Referencing Reply #16
"Now see I don't buy this notion of looking on a box of shotgun cartridges for the dram equivalent. No way will a muzzleloader with its vented breech match the performance of a sealed breech via a cartridge.
To get a muzzleloader to match a cartridge you have to add much more powder and much more shot to which I have no issue in doing other than cost."
-They said the same thing about gas operated self-loading unmentionables for decades, with their gas ports in the barrel; but the difference between a manual loading and self-loading unmentionable is usually only 25-75fps. If your vent isn't shot out, and is thereby giving you consistent velocities, you will be very close to standard loads. Also, the "dram equivalency" is in reference to the similarity of the velocity between the modern smokeless charge and the traditional BP charge with that particular payload in that bore size.
"I here this thing about muzzleloadrs are 25 yard guns with cylinder bores but it simply is not so. Just put more shot in it, stop using anything courser than 3f and stop using thick wads."
-Obviously, most of the shot is going to be able to go beyond 25 yards, but your pattern gets excessively large quickly (especially so with shot smaller than lead BB). The ONLY solution in a cylinder bore is therefore to increase the number of pieces of shot (and some more powder to keep the trajectory similar), in order to "fill in" the big gaps in the pattern (and you get a nice extra helping of recoil to go with it). Kinda wasteful (if there are other options), if you ask me, but to each their own; would much rather use 1/2 oz of shot and 55gr of powder in a choked barrel than use 7/8 oz and 75 grains of powder to kill the same bird lol. Not going to comment on powder granulations, there's several schools of thought on that. Having a nice cushion under the shot tends to reduce deformation somewhat, but some people use thick wadding over the shot as well for some reason; the issue with that is it can interfere with the separation of the shot and wadding at the muzzle (quite a few early breechloading rifle designs had issues with that (like the Westley Richards Monkey Tail).
"Another thing I don't get is how it is believed that a larger bore is better because the shot string is shorter. Not so. If that were true all the popular 20g or .62" muzzleloafers would be useless! My .45 certainly has proved itself!
-Larger bores with the same payload have a shorter shot column in the barrel, this reduces the difference in inertia between the rear of the column and the front. This reduces deformation of the shot, and tends to pattern better. Besides, I'm not sure anyone has claimed that smaller bores are not effective; just that they are less capable than the larger ones (I believe that the Brits came up with a .40-something shotgun chambering for use as a garden gun at some point, but IDK). The reality is that you can fit more pieces of shot (and larger shot) and more powder in a larger bore, and get it to pattern well.
"Does not choking lengthen the shot string to achieve a tighter pattern?"
-it can with very tight chokes (like, extra-extra-full turkey chokes).
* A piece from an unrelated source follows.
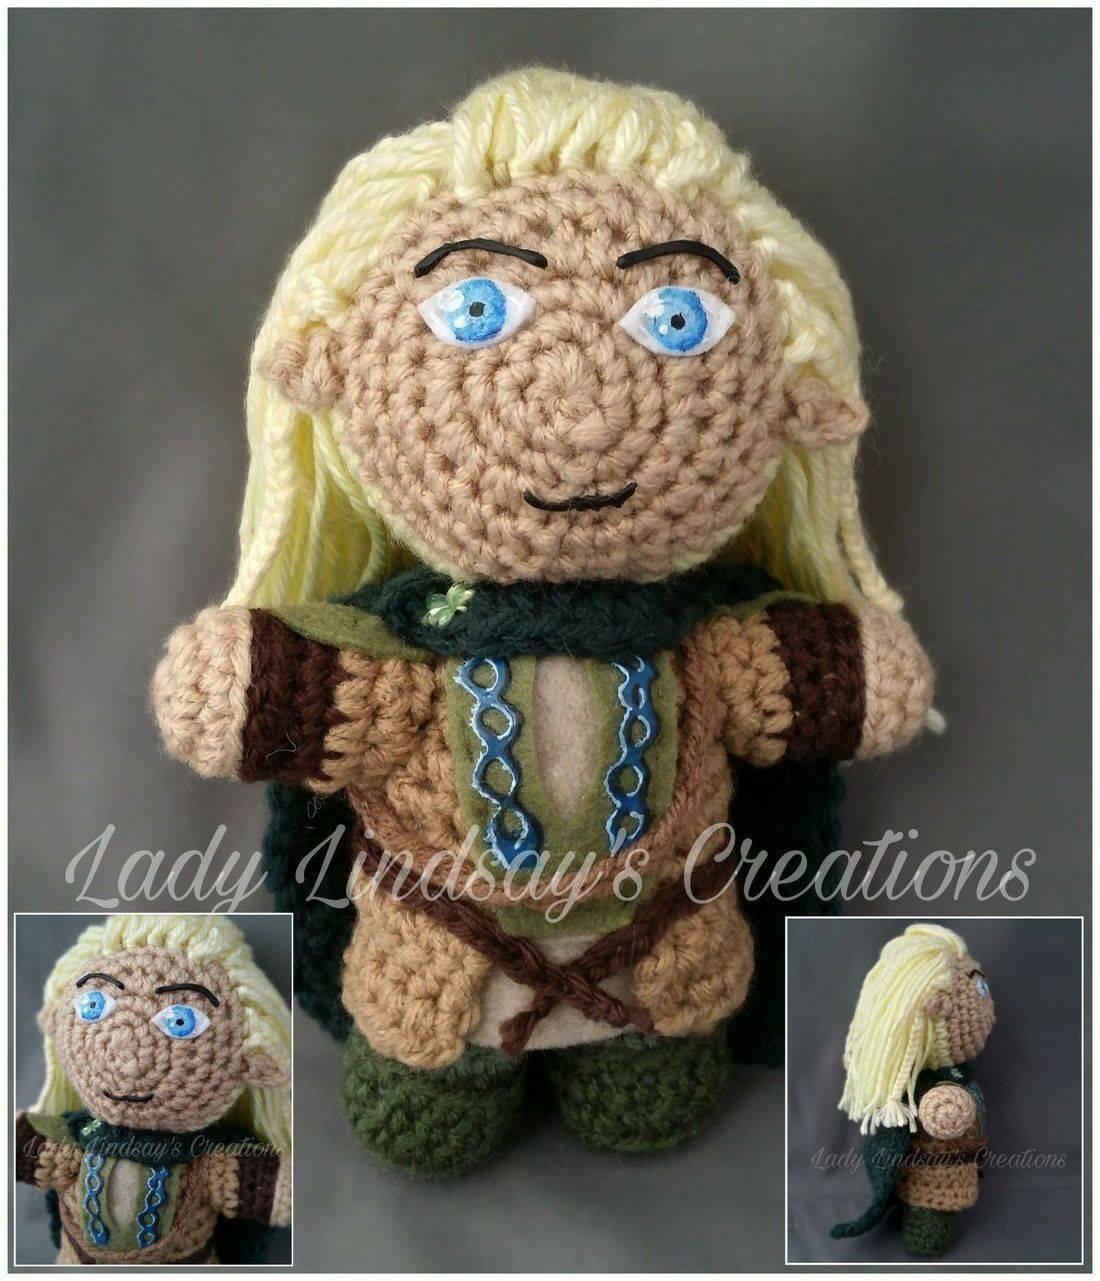 Legolas, Elf, Elve, amigurumi, Lord of the Rings, The Hobbit, plush, doll, crochet, knit, shop small, handmade, handcraft, craft, art, paint, artisan, nerd, geek, otaku, fantasy, anime, kawaii
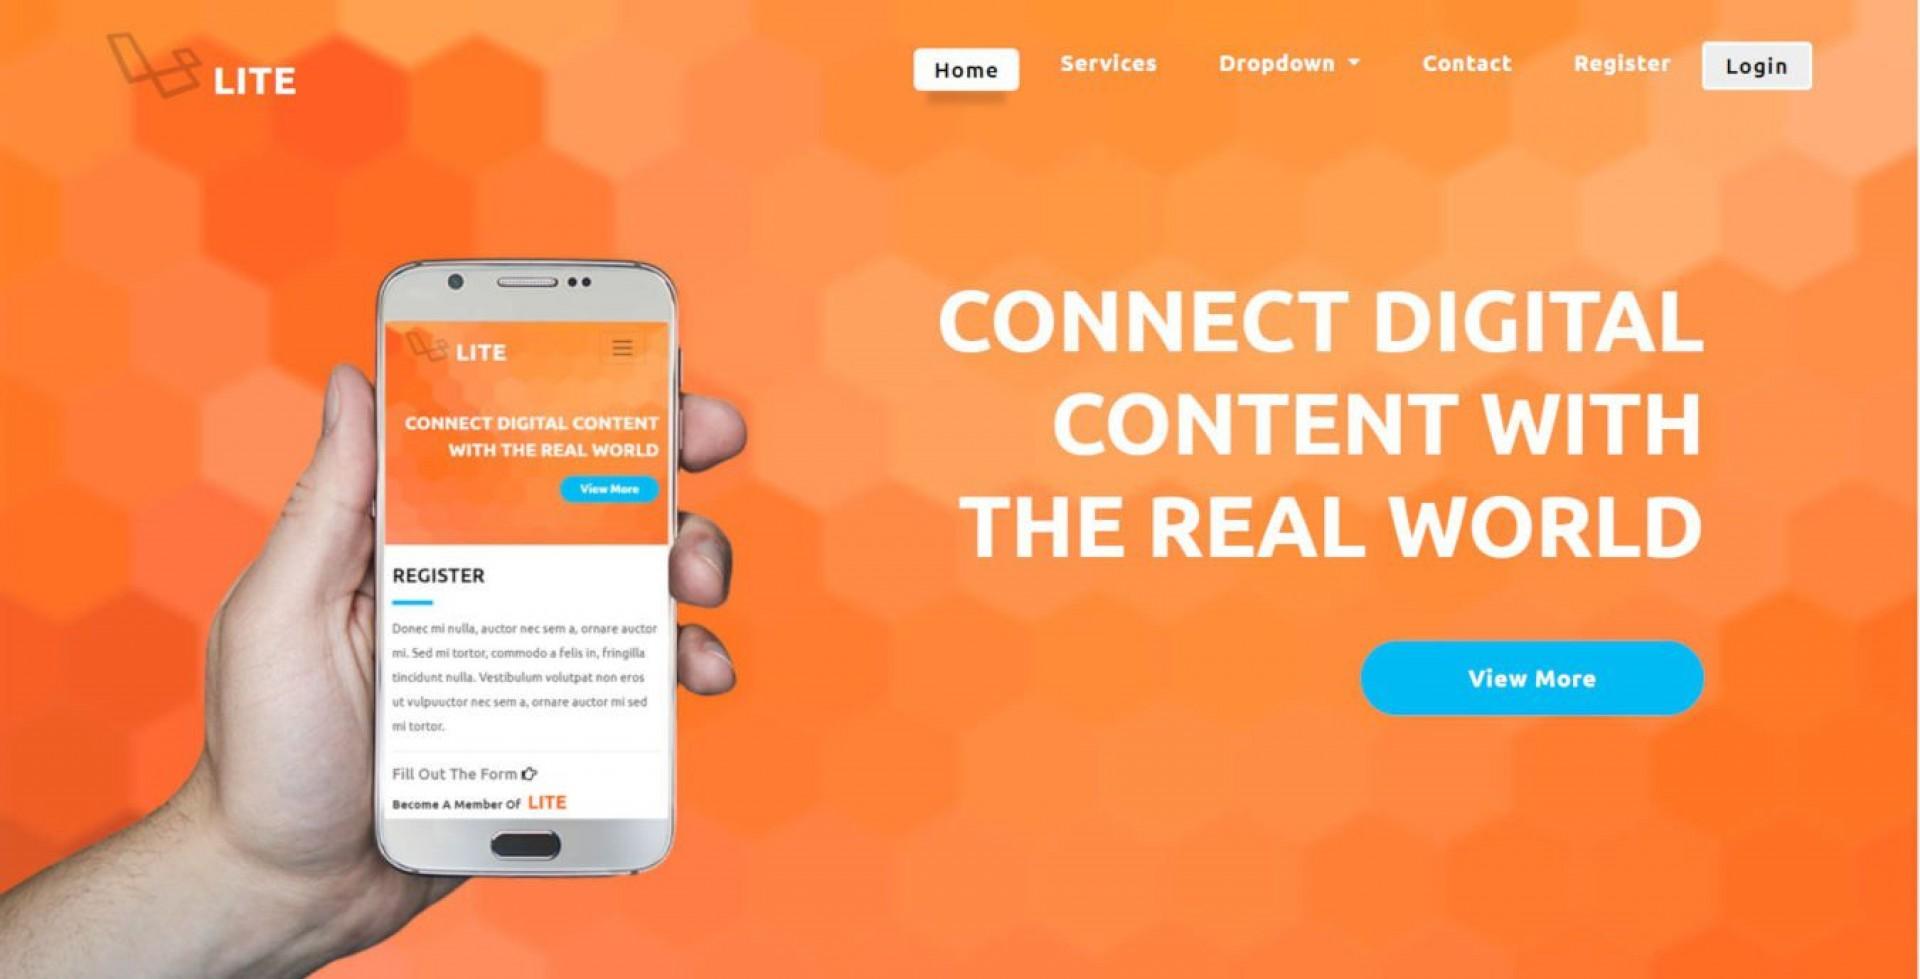 006 Sensational Bootstrap Mobile App Template Highest Quality  Html5 Form 41920

Shot traveling down a barrel isn't a solid slug of lead, and a choke forces the spaced out pieces of shot into a more dense mass of shot (generally by reducing the shot column in both in length and circumference). Choke restrictions do not have to be very much to be effective (a few degrees is all it takes), and excessively tight restrictions will cause excessive pressures and shot deformation.
"Is not therefore a smaller bore already matching a choked bore of a larger gauge somewhat with a like for like load?"
-not exactly, reference the points I made above about large vs small bore shotguns.
"Is not a smaller bore going to have higher pressure and henceforth higher velocity compared to a larger gauge with like for like load?
Its all myths and bluster!"
-Yes, velocity will generally be slightly higher out of the small bore. My general recommendation is that if you are primarily going to be shooting light loads in whatever bore you are thinking about, that you opt to go down in bore size and use a "more stout" loading in the smaller bore (smaller, lighter guns, and you can download it further than the larger bore, meaning more shots per pound, which is a good thing). Smaller bores are more efficient/economical on powder and shot, no need using more than you need. I like 20, 28 bore and .40" shotguns with chokes for that reason.
"As I said earlier, they all work and better than some think, especially when you think out the box!"
-Absolutely correct.
Unless it's a repro-musket (of which, I haven't owned any for a while), I personally won't keep a smoothbore that isn't choked, or capable of taking tubes, in at least one barrel. I'm a hunter and shooter, not a reenactor; and anything I keep needs to be focused on usability, more than appearing exactly historically correct. Proper, purpose-built shotguns are going to be better shotguns than a multi-purpose gun will be.